Plaintiff has appealed dismissals in several of these duplicative actions to the applicable Circuit Court of Appeal—including dismissals without prejudice and with leave to amend. See Shapiro v. Campanelli, No. 25-14526-E (11th Cir. 2025); No. 25- 6209 (10th Cir. 2025); No. 26-1028 (1st Cir. 2026); No. 26-1011 (7th Cir. 2026).

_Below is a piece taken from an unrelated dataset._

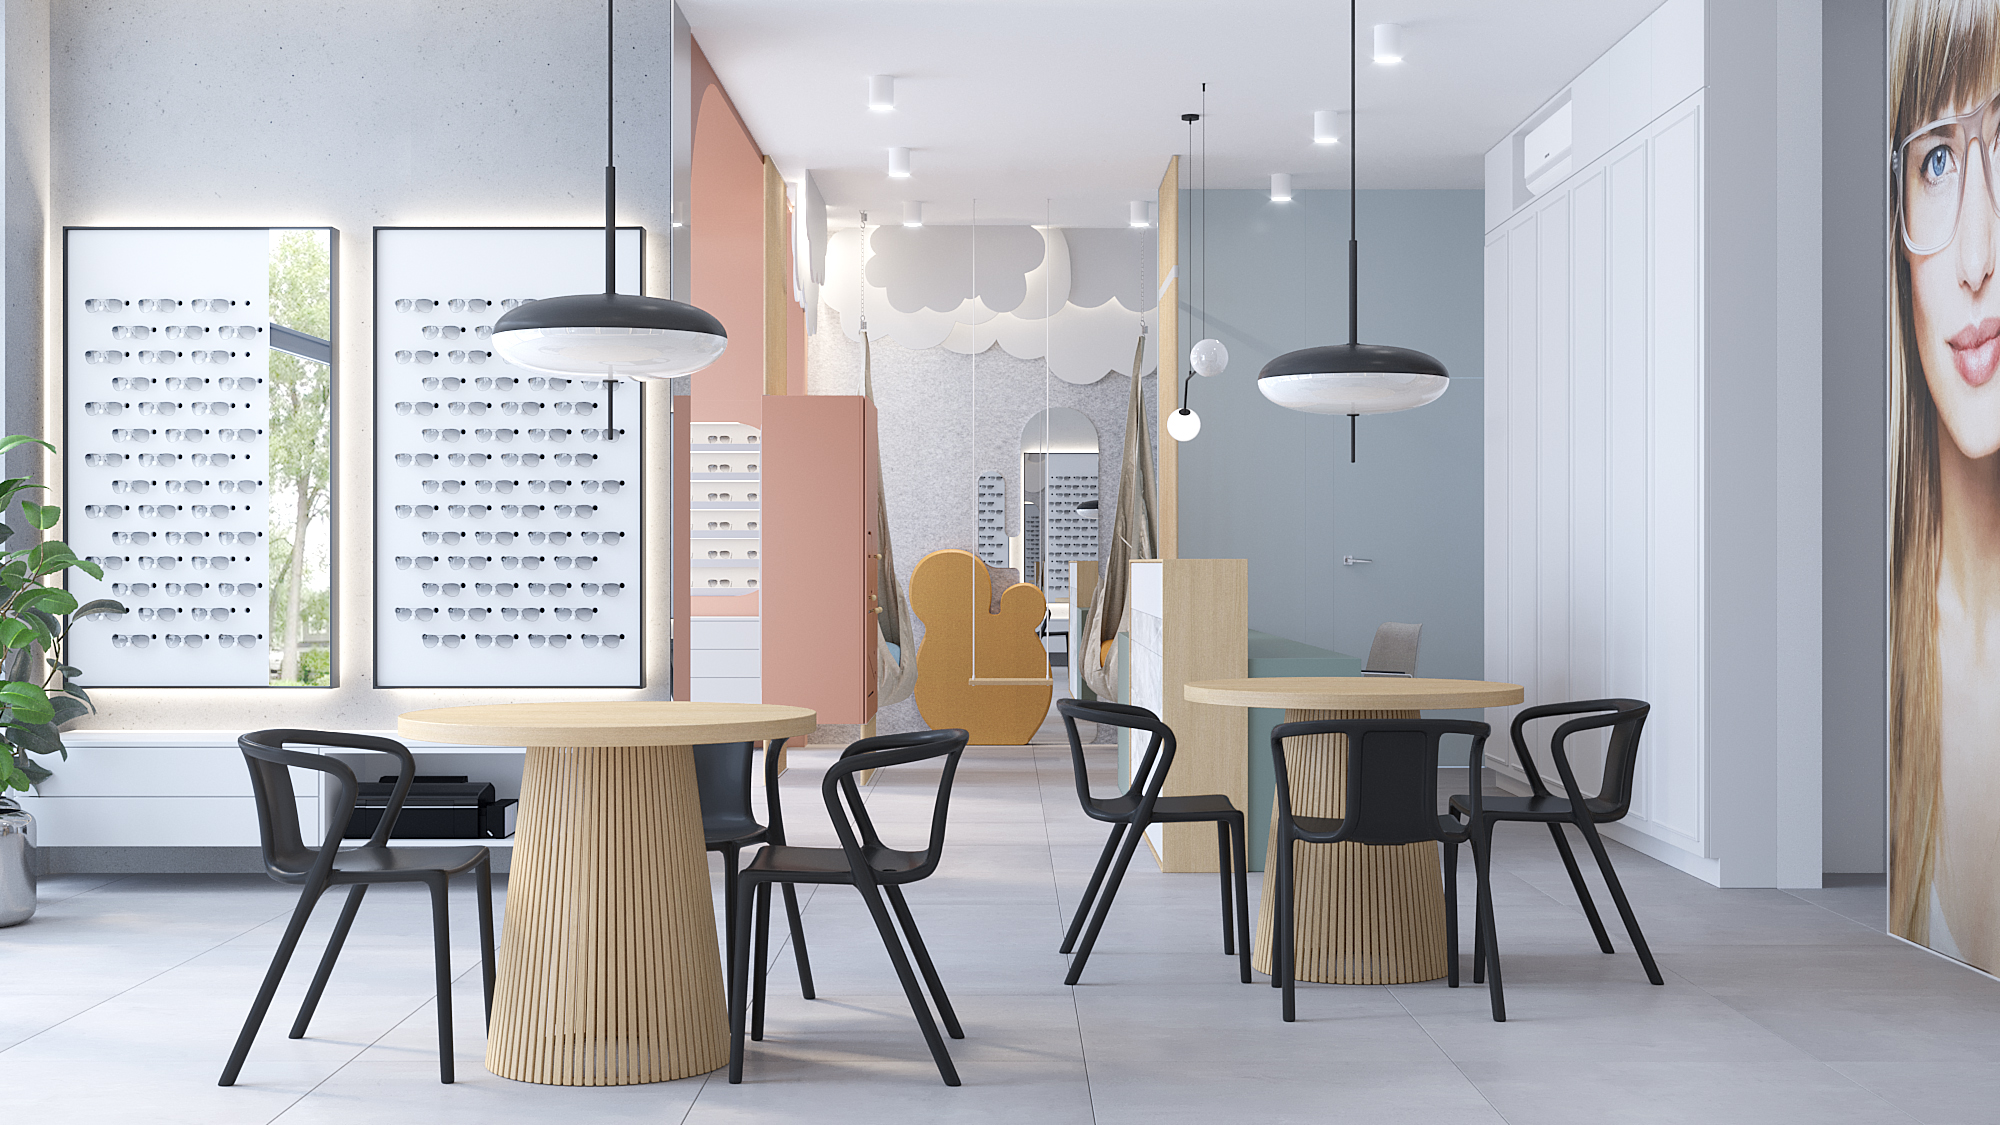 1 architekt wnetrz K099 optyk Strozik Bytom sala obslugi klienta okragly drewniany stol ekspozytor na okulary tapeta na scianie kacik dla dzieci

1 “See Shapiro v. Campanelli, No. 1:24- cv-02535, at 3 & n.1 (S.D. Ind. Dec. 16, 2025) (citing Case No. 8:25-cv-4090 (D. Md. Dec. 11, 2025); Case No. 5:25-cv-143 (W.D. Va. Dec. 11, 2025); Case No. 1:25-cv- 530 (D.N.H. Dec. 12, 2025); Case No. 3:25-cv-354 (N.D. Miss. Dec. 12, 2025); Case No. 3:25-cv-1025 (W.D. Wis. Dec. 12, 2025); Case No. 1:25-cv-701 (D. Idaho Dec. 15, 2025); Case No. 2:25-cv-1220 (E.D. Tex. Dec. 15, 2025); Case No. 1:25-cv-373 (E.D. Tenn. Dec. 15, 2025); Case No. 2:25-cv-13861 (D.S.C. Dec. 15, 2025); Case No. 5:25-cv-1517 (W.D. Okla. Dec. 15, 2025); Case No. 3:25-cv-3395 (C.D. Ill. Dec. 15, 2025); Case No. 1:25-cv-671 (D.R.I. Dec. 15, 2025); Case No. 3:25-cv-735 (D. Nev. Dec. 15, 2025); Case No. 1:25-cv-737 (S.D.W.V. Dec. 15, 2025); Case No. 2:25-cv-159 (N.D. Ga. Dec. 16, 2025)); see also 3:25-cv-30209 (D. Mass. Dec. 12, 2025); 1:25-cv-00294 (D. Wy. Dec. 15, 2025); 4:25-cv-679 (N.D. Okla. Dec. 15, 2025); 4:25-cv-01416 (N.D. Tex. Dec. 15, 2025); 3:25-cv-00199 (M.D. Ga. Dec. 15, 2025); 8:25-cv-00722 (D. Neb. Dec. 16, 2025); 1:25-cv-1252 (D.N.M. Dec. 16, 2025); 2:25-cv-02139 (N.D. Ala. Dec. 16, 2025); 2:25-cv-00159 (S.D. Ga. Dec.